ExSQL.Tokenizer (exsql v0.1.4)

Copy Markdown

Lexical analysis for SQL text.

Mirrors SQLite's tokenize.c, which classifies bytes through a 256-entry lookup table and resolves keywords with a generated perfect hash. In Elixir the same job is done with binary pattern matching: each clause of scan/3 corresponds to a character class, and keyword recognition is a MapSet lookup on the downcased identifier.

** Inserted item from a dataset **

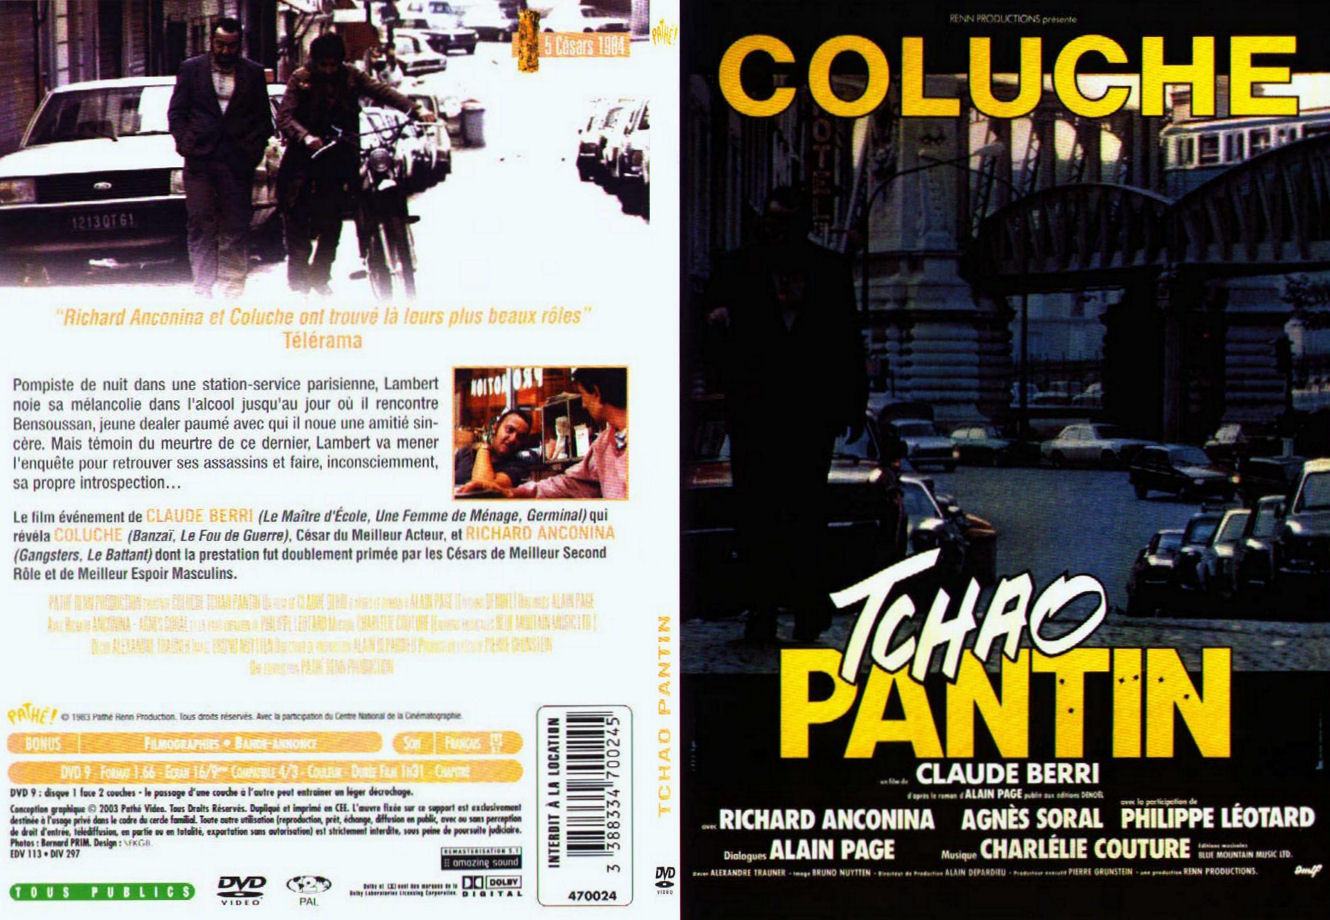 Jaquette DVD Tchao Pantin - SLIM

Tokens are {type, value, line} tuples:

  • {:keyword, :select, 1} — case-insensitive SQL keywords
  • {:id, "users", 1} — identifiers (bare, "quoted", [bracketed], or backticked)
  • {:int, 42, 1} / {:float, 3.14, 1} — numeric literals
  • {:string, "abc", 1} — single-quoted string literals ('' escapes a quote)
  • {:blob, <<0xAB>>, 1}x'AB' hex blob literals
  • punctuation and operators such as {:comma, ",", 1}, {:le, "<=", 1}

Summary

Functions

Tokenizes sql, returning {:ok, tokens} or {:error, reason}.

Types

token()

@type token() :: {atom(), term(), pos_integer()}

Functions

tokenize(sql)

@spec tokenize(String.t()) :: {:ok, [token()]} | {:error, term()}

Tokenizes sql, returning {:ok, tokens} or {:error, reason}.

The token list does not include trailing end-of-input markers; the parser treats the empty list as end of input.